Ghoraghat () is an upazila of Dinajpur District in the Division of Rangpur, Bangladesh.

History
Ghoraghat was established in the time of Bakhtlar Khilji (see Blochmanu's Contr., J.A.S,1873, p. 215, Tabaqat-i-Nasiri, p. 156, Ain-i-Akbari, Vol. II, p. 135 and Vol. I, p. 370). After the historical conquest of Nabadwip from Lakshman Sen in 1203 and the conquest of principal city Gaur, Ikhtiyar al-Dīn Muḥammad Khalji left the town of Devkot in 1206 to attack Tibet, leaving Ali Mardan Khalji in Ghoraghat. The old Musalman military outpost of Deocote or Devkot near Gangarampur was in this Sarkar. As soon as the Muslims had made themselves masters of Gaur, they established two frontier posts, one at Dumdumma, on the bank of river Punarbhaba and another at Ghoraghat. A mosque in Dumdumma bears an inscription recording that it was built by Zafar Khan Bahram Iztin in the reign of Kai Kaos Shah in the year 697 A.H.(1297 AD).

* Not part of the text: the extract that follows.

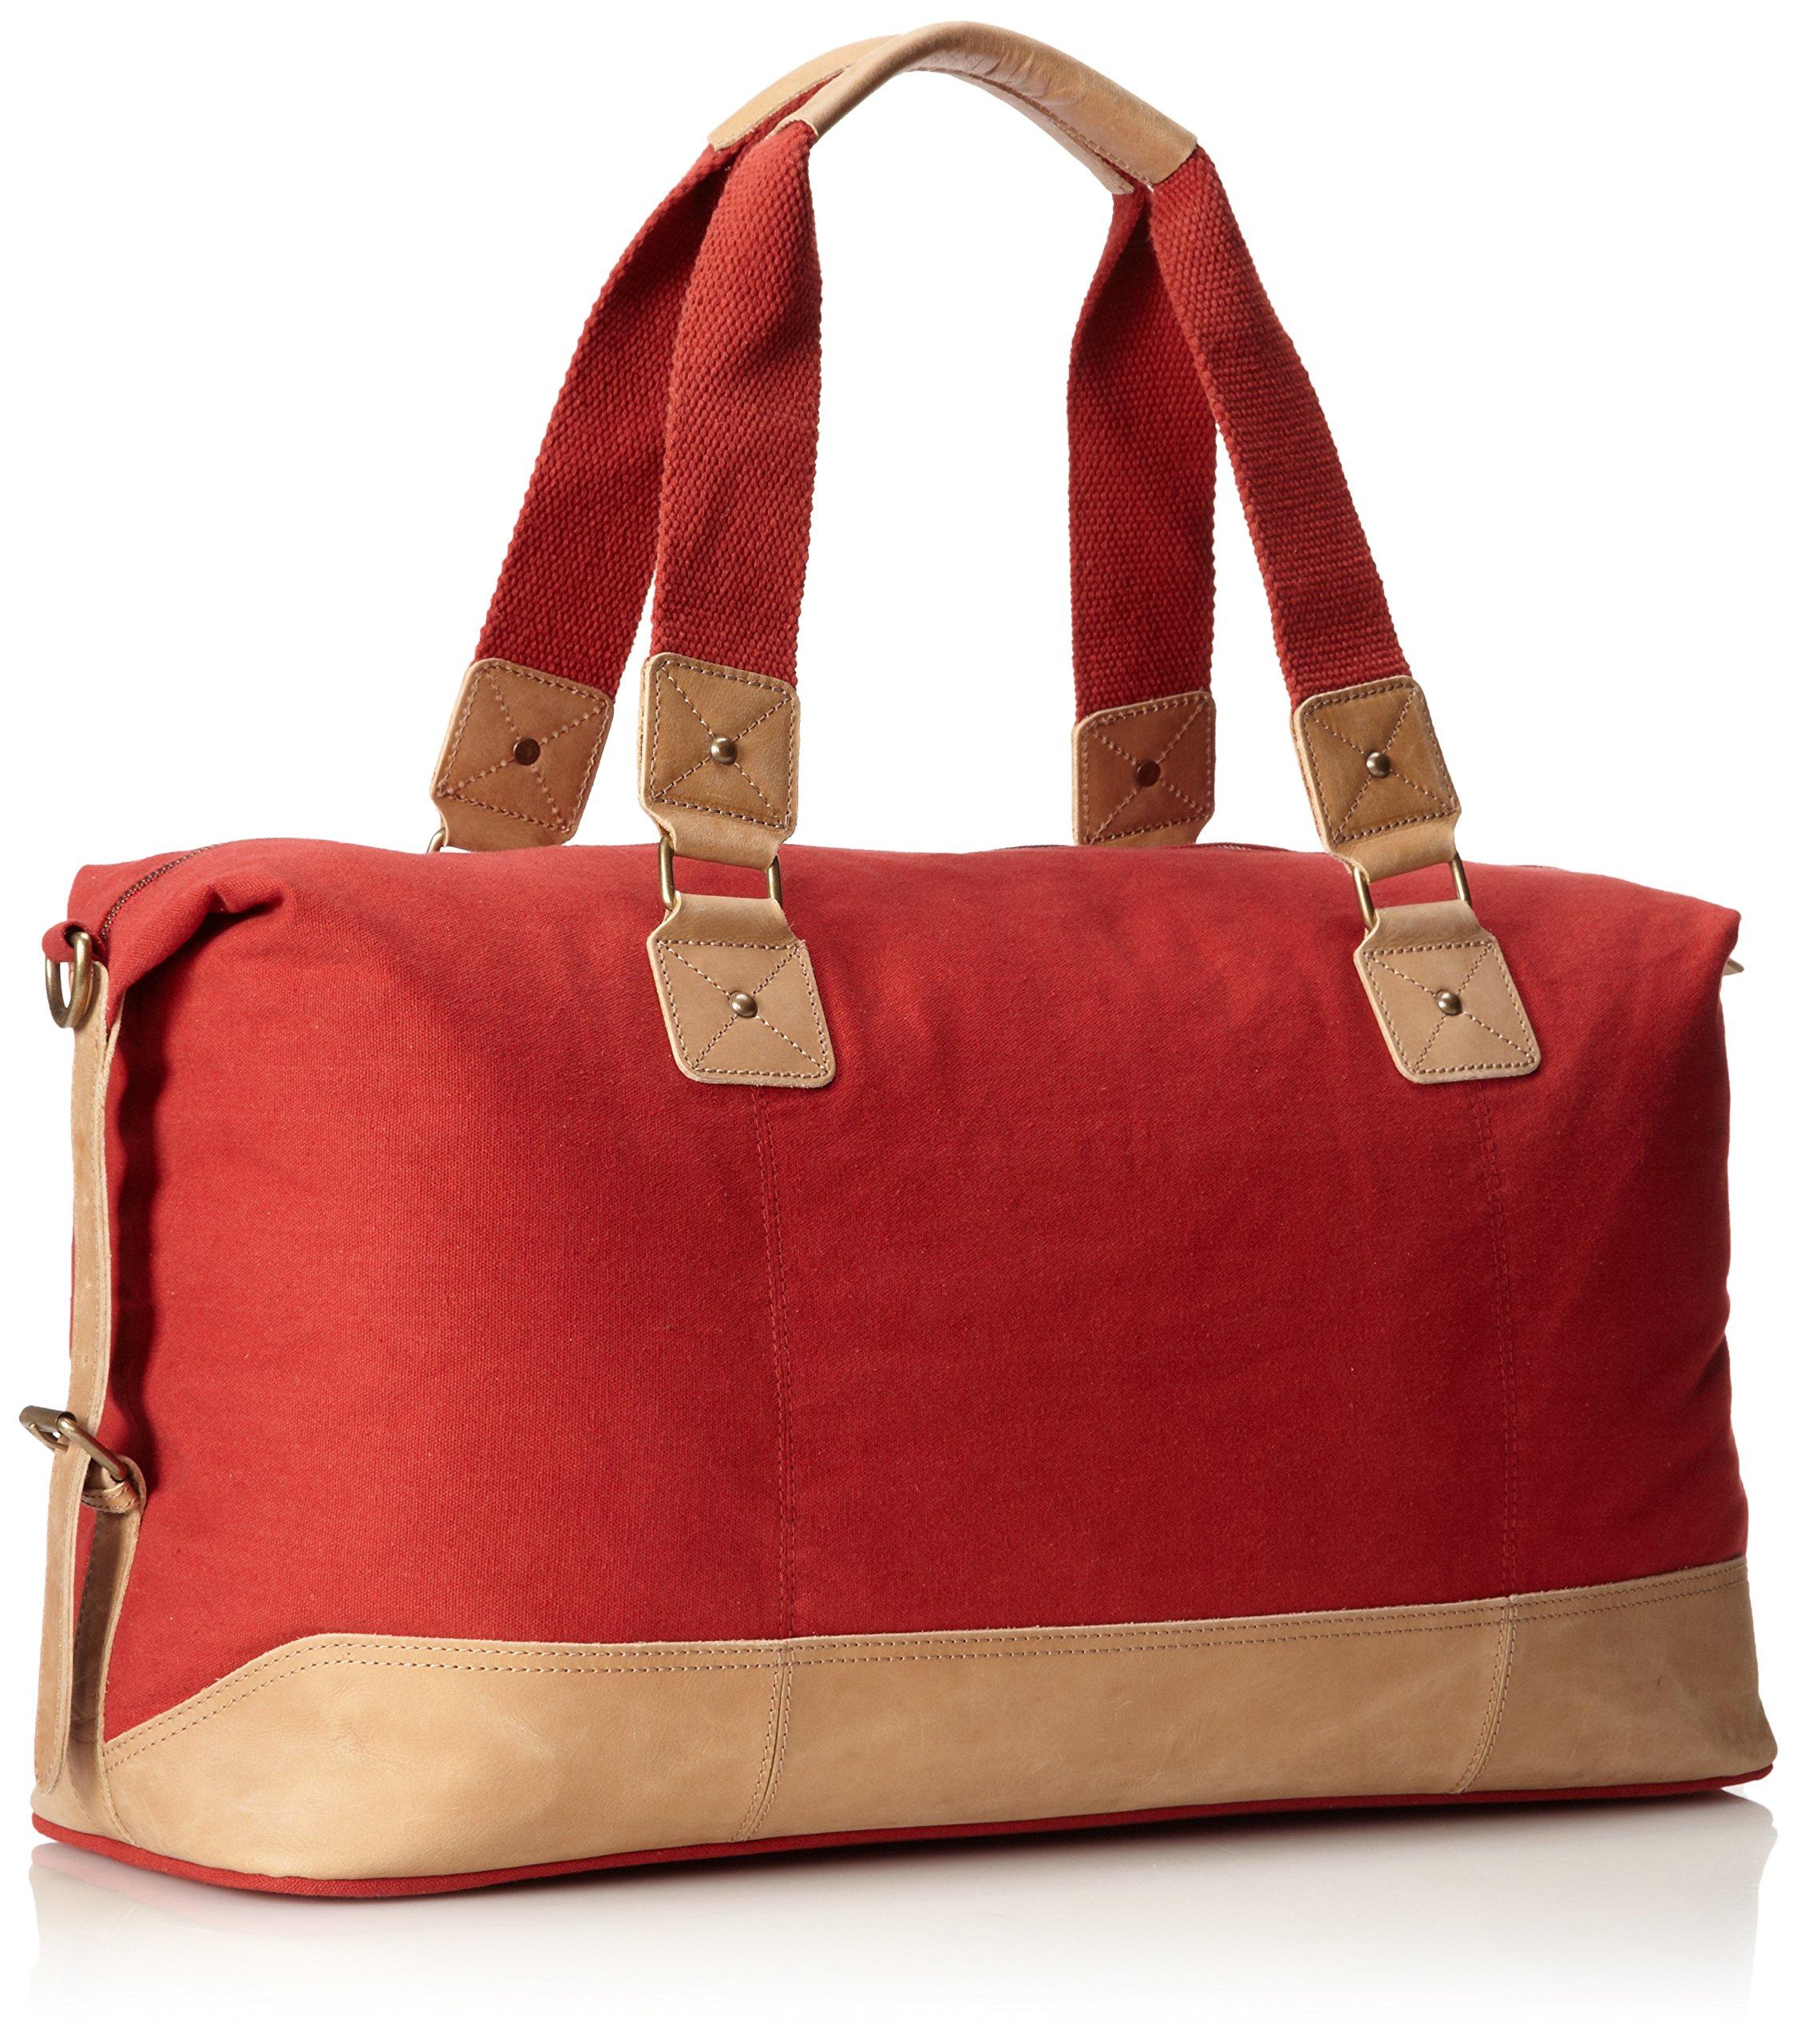 Original Penguin Men's Canvas Weekend Bag Duffel Bag, Pompeian Red, One Size by Original Penguin (Image #2)

Ghoraghat was one of the 19 sarkars of Bengal. Sarkar was the administrative unit in the Mughal Empire of India. Raja Todar Mal, the Finance Minister of the Mughal empire during Akbar's reign divided Bengal into 19 sarkars to make the revenue collection easier. Ghoraghat Sarkar comprised South Rangpur, South-East Dinajpur and North Bogra. It had 84 mahals in its territory. Later it became Chakla of Ghoraghat.The Sarkar produced much raw silk, revenue Rs.202,077.

After the battle of Patna, 982 A.H.(1574 AD), when Daud retired to Orissa, (Badaoni, p. 184, Vol. II), his generals Kalapahar and Babu Mankli proceeded to Ghoraghat, (Badaoni, p. 192). Akbar's general, Majnun Khan, died at Ghoraghat.

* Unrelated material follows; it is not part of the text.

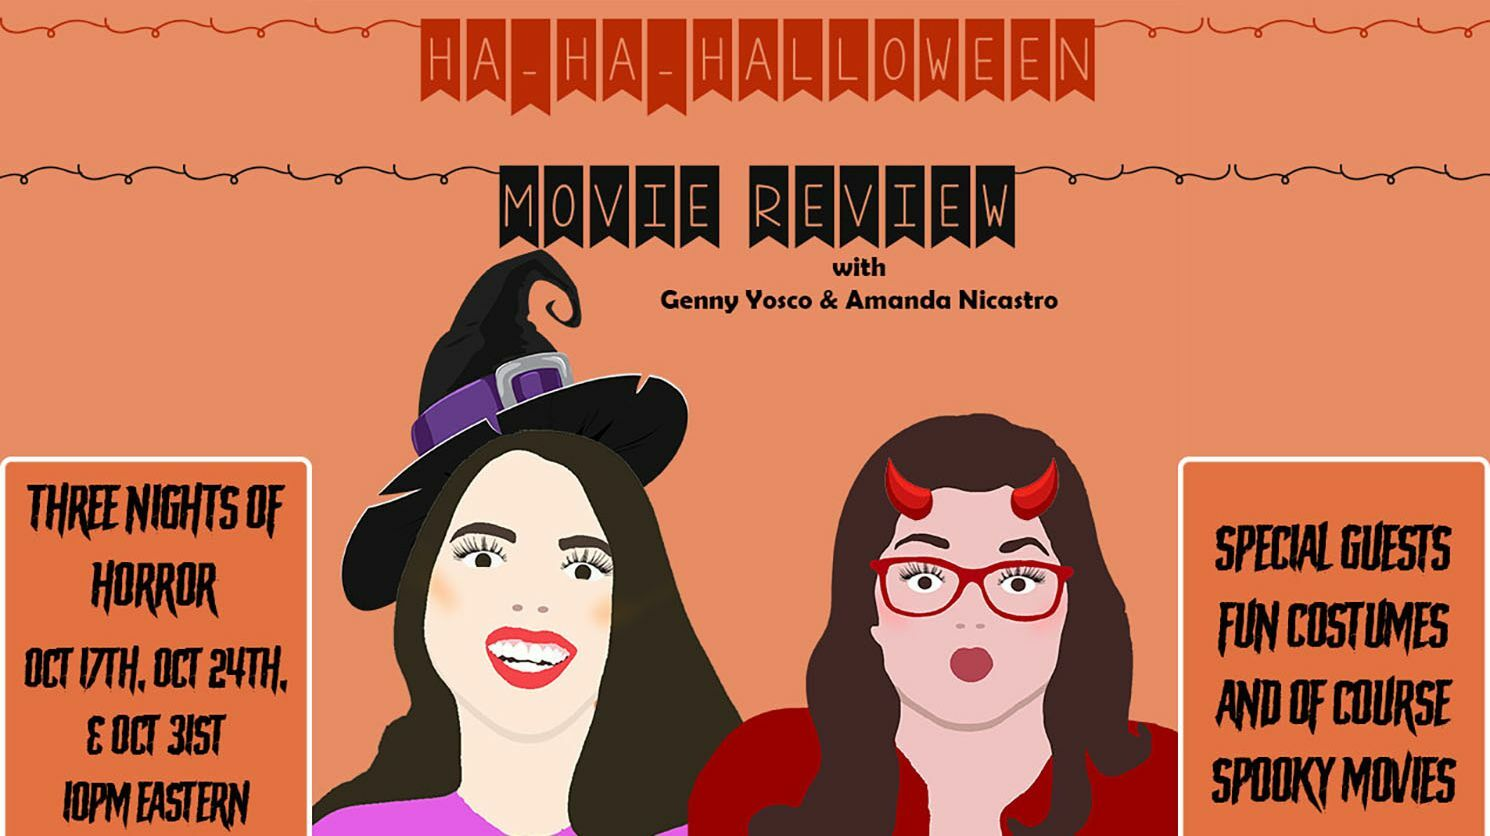 Ha-Ha-Halloween Movie Review -- Online

Being the northern frontier district skirting Koch-Behar, numerous colonies of Afghan and Mughal chiefs were planted there under the feudal system, with large jagir lands under each. Bhim Narain, Rajah of Kuch Behar used to regularly pay tribute to the Emperor Shah Jahan, but that during the chaos which arose owing to Emperor's illness, and after the death of Sultan Shuja in February 1661 there was anarchy in the region. Bhim Narain became daring and refused to pay tribute and with a large force attacked Ghoraghat. In the same year (on 17th Rabiul-Awwal 1072 A.H) the Khan-i-Khinan (Muazzam Khan) set out from Khizapur (which has been identified to be a place close to Narayanganj) with war-vessels, for the conquest of Koch-Behar. The Rajah (Bhim Narain) fled to Bhutan, his minister Bholanath fled to the Murang, and the Imperialists stormed Kuch-Behar town, and named it Alamgirnagar.

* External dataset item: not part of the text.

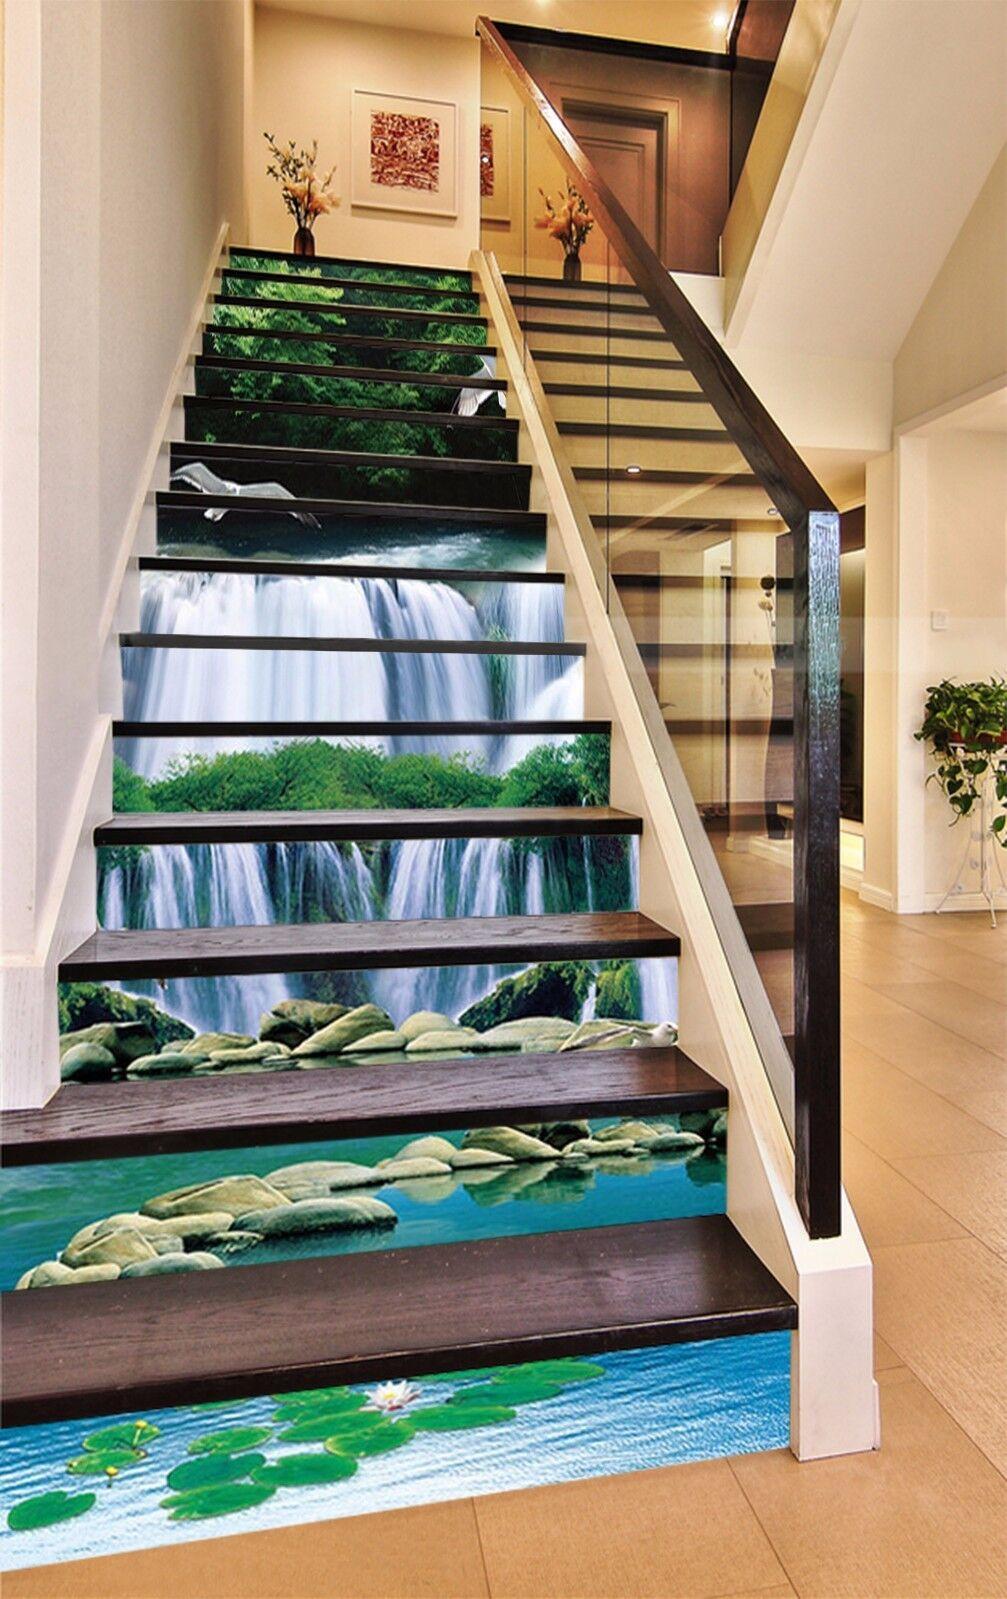 3D Waterfall River 937 Risers Decoration Photo Mural Vinyl Decal Wallpaper CA

Ghoraghat thana was established in 1895 and was turned into an upazila in 1984.

Geography
It was primarily founded as a Thana in 1895 and converted into an upazila in 1984.

Ghoraghat is located at . It has 17535 house holds and a total area of 148.67 km2.

Climate
The climate here is tropical. The summers here have a good deal of rainfall, while the winters have very little. This location is classified as Aw by Köppen and Geiger. The average temperature in Ghoraghat is 25.3 °C. August is the warmest month of the year. The temperature in August averages 28.9 °C. January is the coldest month, with temperatures averaging 18.0 °C. About 1902 mm of precipitation falls annually. The driest month is December, with 3 mm of rain. Most of the precipitation here falls in July, averaging 408 mm.

Demographics
As of the 2011 Bangladesh census, the population was 117,740. 20.01% of the population lived in urban areas. 14.18% of the population is under 7 years of age. The literacy rate was 45.98% for the population 7 years and up.

Religion
Muslim 85.79%, Hindu 6.20%, Christian 5.15% and others 2.84%.

Indigenous communities
Santals, Mall Pahari, Bunna and Oraon are the indigenous groups living here for centuries. It is one of the region which was selected for implementation of development project called Santal Development Project (SDP).

Economy
Agriculture 68.64%, non-agricultural labourer 2.84%, industry 0.50%, commerce 12.95%, transport and communication 2.91%, service 4.35%, construction 0.53%, religious service 0.13%, rent and remittance 0.07% and others 7.08%.

Points of interest
The shrine of Shah Ismail Ghazi is at Ghoraghat. He was a saint-warrior of the time of Ruknuddin Barbak Shah (1459-1474 AD). Shah Ismail Ghazi was first appointed to deal with the aggressive designs of the Orissan king Gajapati in the southern frontier of Bengal. He defeated Gajapati and wrested from him Mandaran, the frontier outpost. The successful general was then sent against Kamrup king Kameshwar, who was defeated and forced to pay tribute to the sultan. But soon, Bhandsi Rai, a commander of the frontier post of Ghoraghat, got jealous over the popularity and fame of Shah Ismail and sent a false report to the sultan that Ismail Ghazi, in collusion with the Kamrup king, was mediating to set up an independent kingdom for himself. The enraged sultan ordered the saint to be beheaded.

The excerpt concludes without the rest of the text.